"Remnants" uses survivor stories to educate about the Holocaust

INTERVIEW PREVIEW THEATER & DANCE

Henry (“Hank”) Greenspan

Henry (“Hank”) Greenspan collected survivor stories for his one-man play Remnants.

U-M professor Henry (“Hank”) Greenspan likes to talk -- and thank goodness for that.

Greenspan has spent 40 years interviewing (and re-interviewing) Holocaust survivors, and from that trove of oral histories he compiled a radio-play-turned-one-man-show called Remnants, which he’ll perform on Monday, May 8, at the downtown library. He put together the radio play in the early '90s, using material he first started collecting for his dissertation in the 1970s.

“The first thing I did was call rabbis who had congregations in the Southeast Michigan and Toledo area,” said Greenspan, who noted that doing survivor interviews was an uncommon practice at that time. “They’d tell people, ‘This guy from U of M wants to interview survivors.’ So initially I’d used the rabbis as matchmakers, but that quickly became unnecessary because things snowballed. People would say to me, in the middle of an interview, ‘You have to talk to my friend Zoli.’ … So I’d make an appointment to talk with Zoli, and one person led to another.”

This provided the foundation for Greenspan’s academic project, but it wasn’t until U-M's now-defunct Talk to Us Theater Troupe asked Greenspan if he’d write something for them to perform at Hillel’s Holocaust conference that he considered taking the material in a new direction.

Not that he jumped on this idea right away: “I said, ‘No.’ I didn’t know how I would do that. But after thinking about it more, I gave it a shot, and the piece I wrote wasn’t Remnants, but three monologues that eventually became part of Remnants.”

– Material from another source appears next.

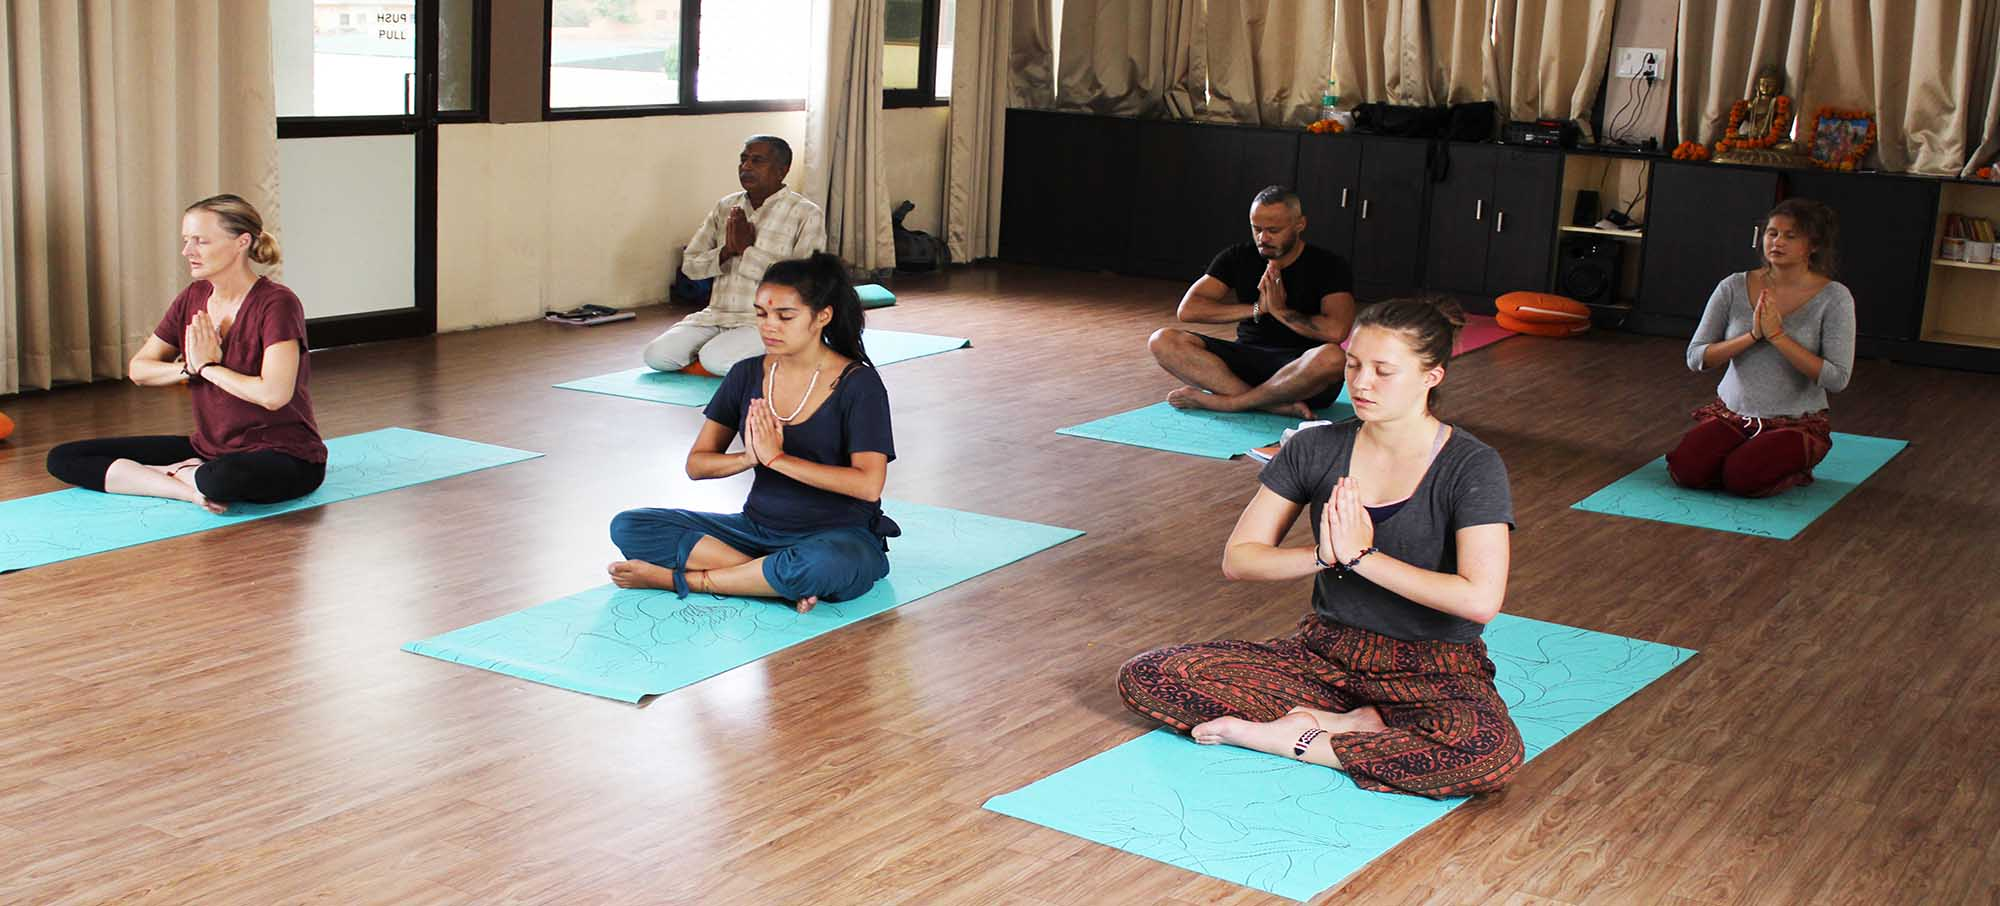 vishwa_shanti_yoga_school.jpg

Greenspan added three more monologues and shortly thereafter spotted a flyer that stated WUOM was seeking radio plays of about a half hour in length. Greenspan submitted Remnants and not only was it produced at WUOM (with actors performing the roles) in 1992, it was also broadcast on public radio stations across the country.

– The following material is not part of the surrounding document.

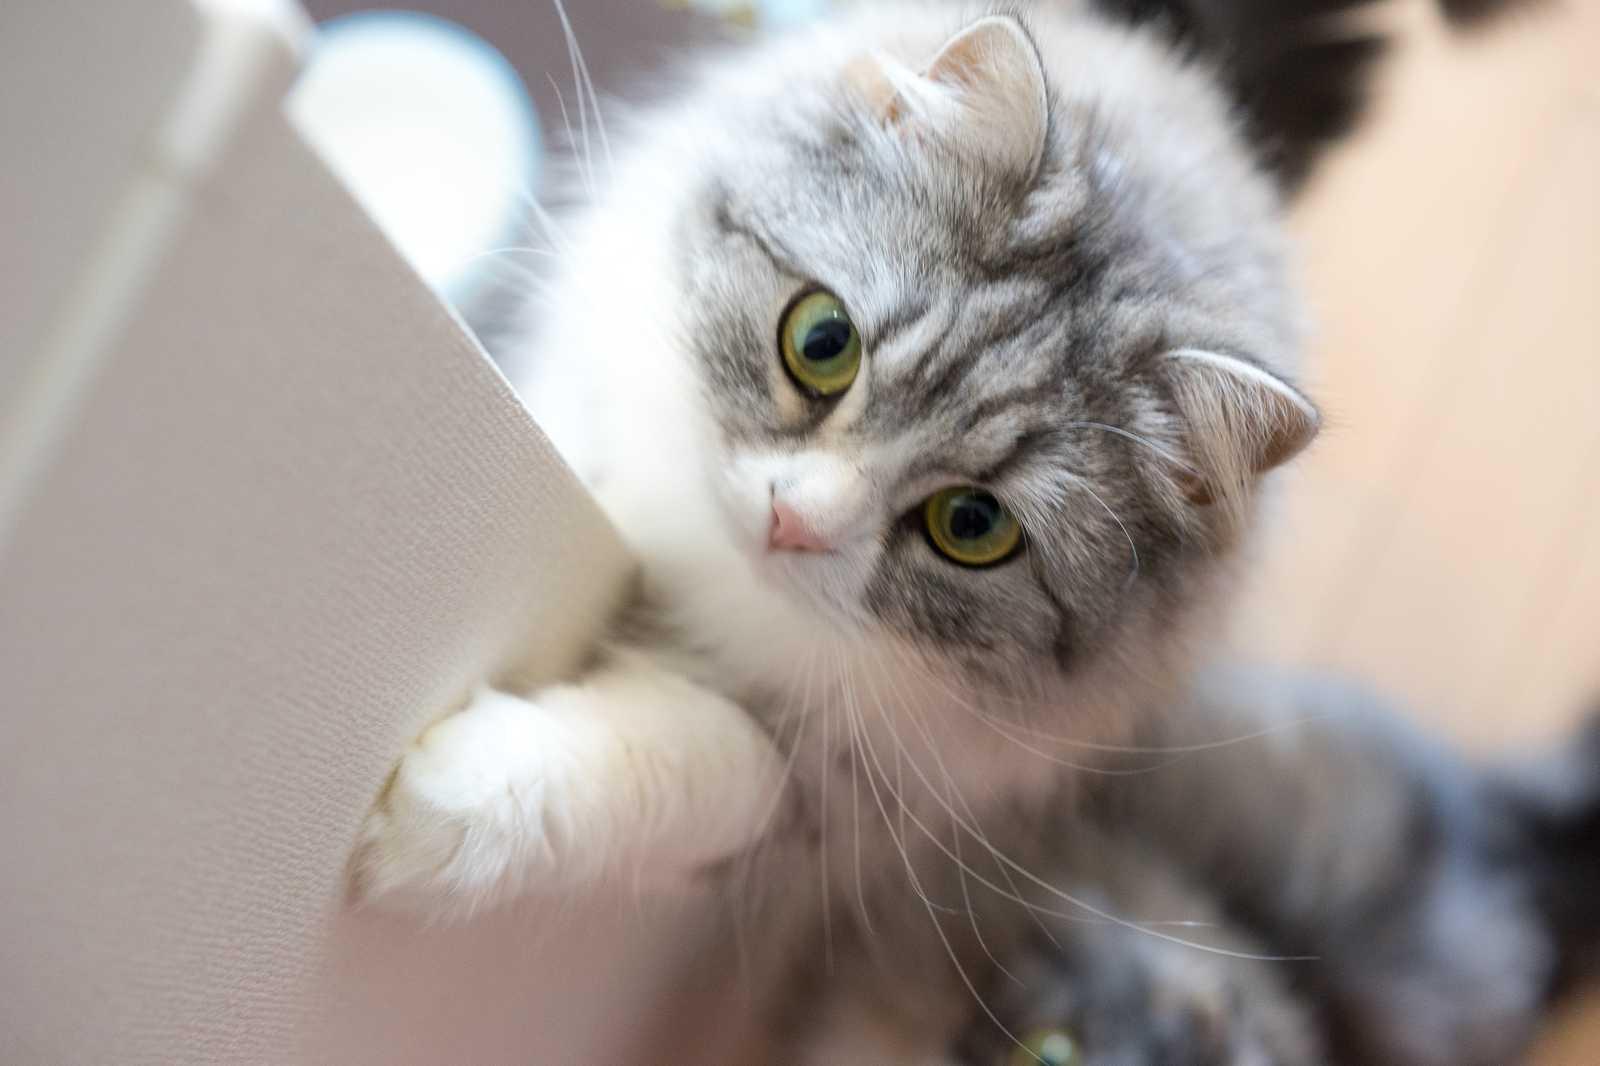 【猫の慢性下痢&嘔吐】悪性リンパ腫とIBD(炎症性腸疾患)について

The show went on to be performed by theater companies in the following years, but eventually, Greenspan decided to take yet another journey outside his comfort zone: he decided to perform all the show’s monologues himself.

“I guess I’m just one of those playwrights that’s never quite satisfied,” Greenspan said. “It’s just that impulse toward melodrama among professional actors, that tendency to overdo it, and you can’t overdo this topic. The topic alone will overdo anything else. It was done by good people, they were talented actors, but I found that too often they resorted to clichés. The survivors became stick figures rather than people … and seeing them become Holocaust symbols kind of made me crazy. So when I was first invited to do (Remnants) as a reading, I wasn’t sure I could do it by myself, but I did it, I enjoyed it, and I started to play with that as a possibility.”

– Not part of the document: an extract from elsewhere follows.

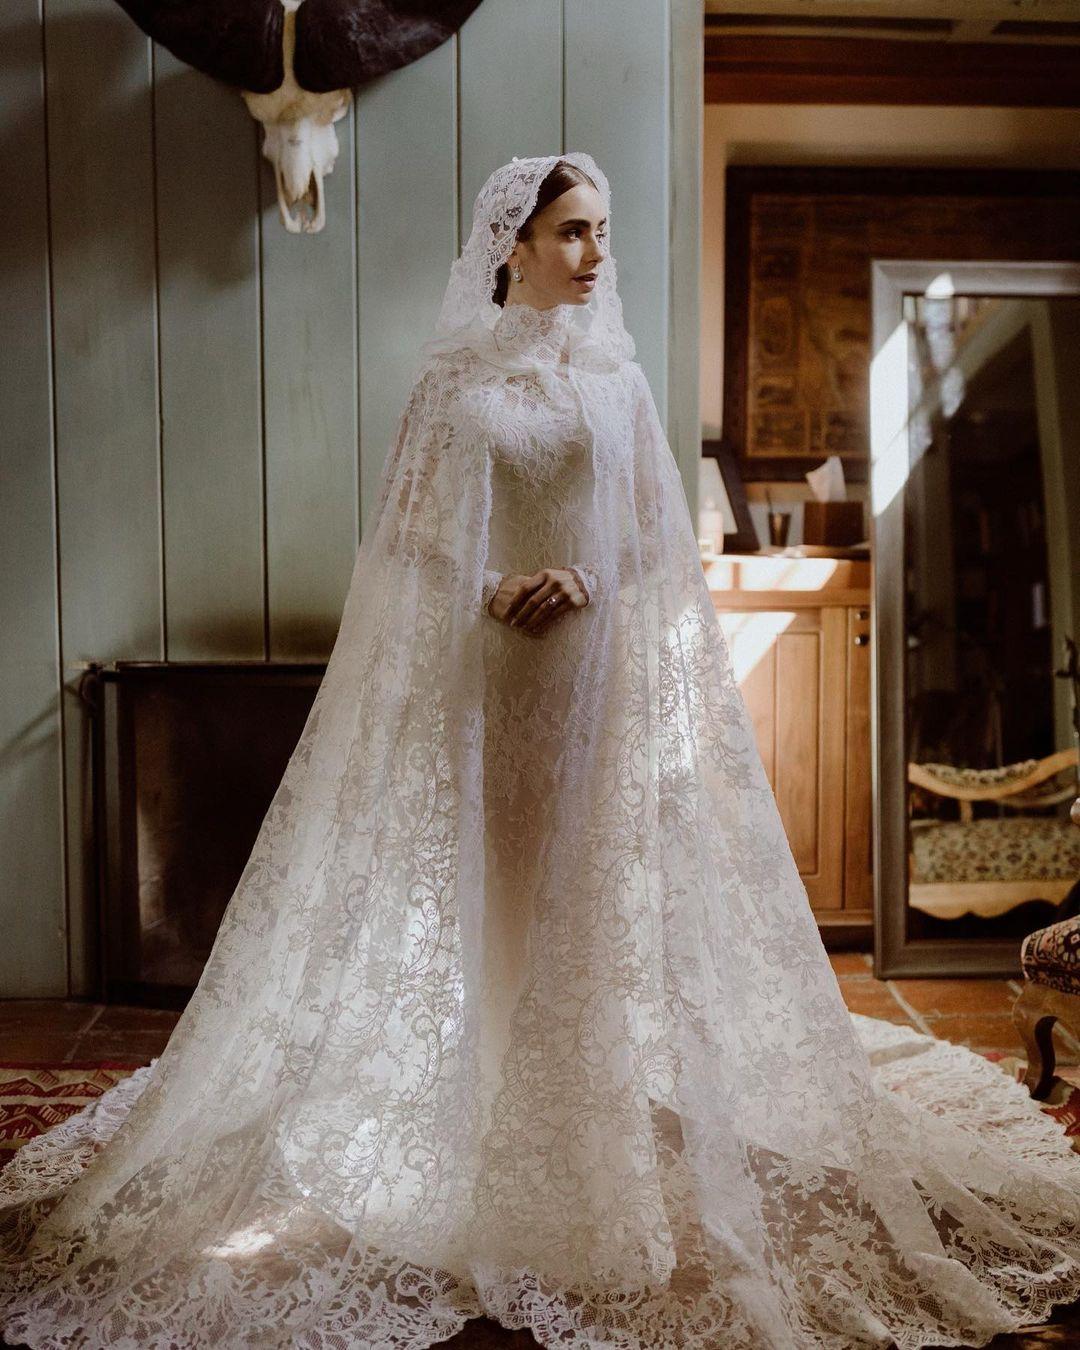 Gaya Artis yang Pakai Gaun Putih saat Menikah, Elegan hingga Seksi

Greenspan explained that his lack of theater training was at least somewhat offset by the fact that he’d gotten to know the people who’d originally spoken the monologues’ words so well over the years. Yes, he’s gotten some coaching and instruction for acting over the years, but one of his biggest challenges involves the number of times he’s performed the show.

“That makes it harder to keep things real and in the moment,” said Greenspan. “I’ve never done a run. It’s always a different place, a different auditorium, a different vibe, so that’s one way it stays new for me. … But at my core, I identify as a teacher. That’s really what I do. The play, as important as it’s been in my life, is a vehicle. … It’s followed by a Q&A discussion that usually lasts as long as, or longer than, the piece itself. It’s then that I can draw on the 40 years of my work related to this topic.”

The show has grown from its original version by one monologue -- “I heard someone say something just overwhelming and I knew I wanted to include it” -- but from the start Greenspan crafted the play to avoid what’s become “expected” Holocaust imagery: trains, barbed wire, smoke stacks.

“There’s some of that, but there are also space aliens and comedic shtick,” said Greenspan. “When you go to something about survivors, you think, ‘Here it comes. I know what they’re going to say.’ That’s a big fence that goes up, and this play makes a deliberate effort to get under that fence and surprise people.”


Jenn McKee is a former staff arts reporter for The Ann Arbor News, where she primarily covered theater and film events, and also wrote general features and occasional articles on books and music.


Henry Greenspan will perform “Remnants” on Monday, May 8, at 7 pm in the downtown library’s multipurpose room.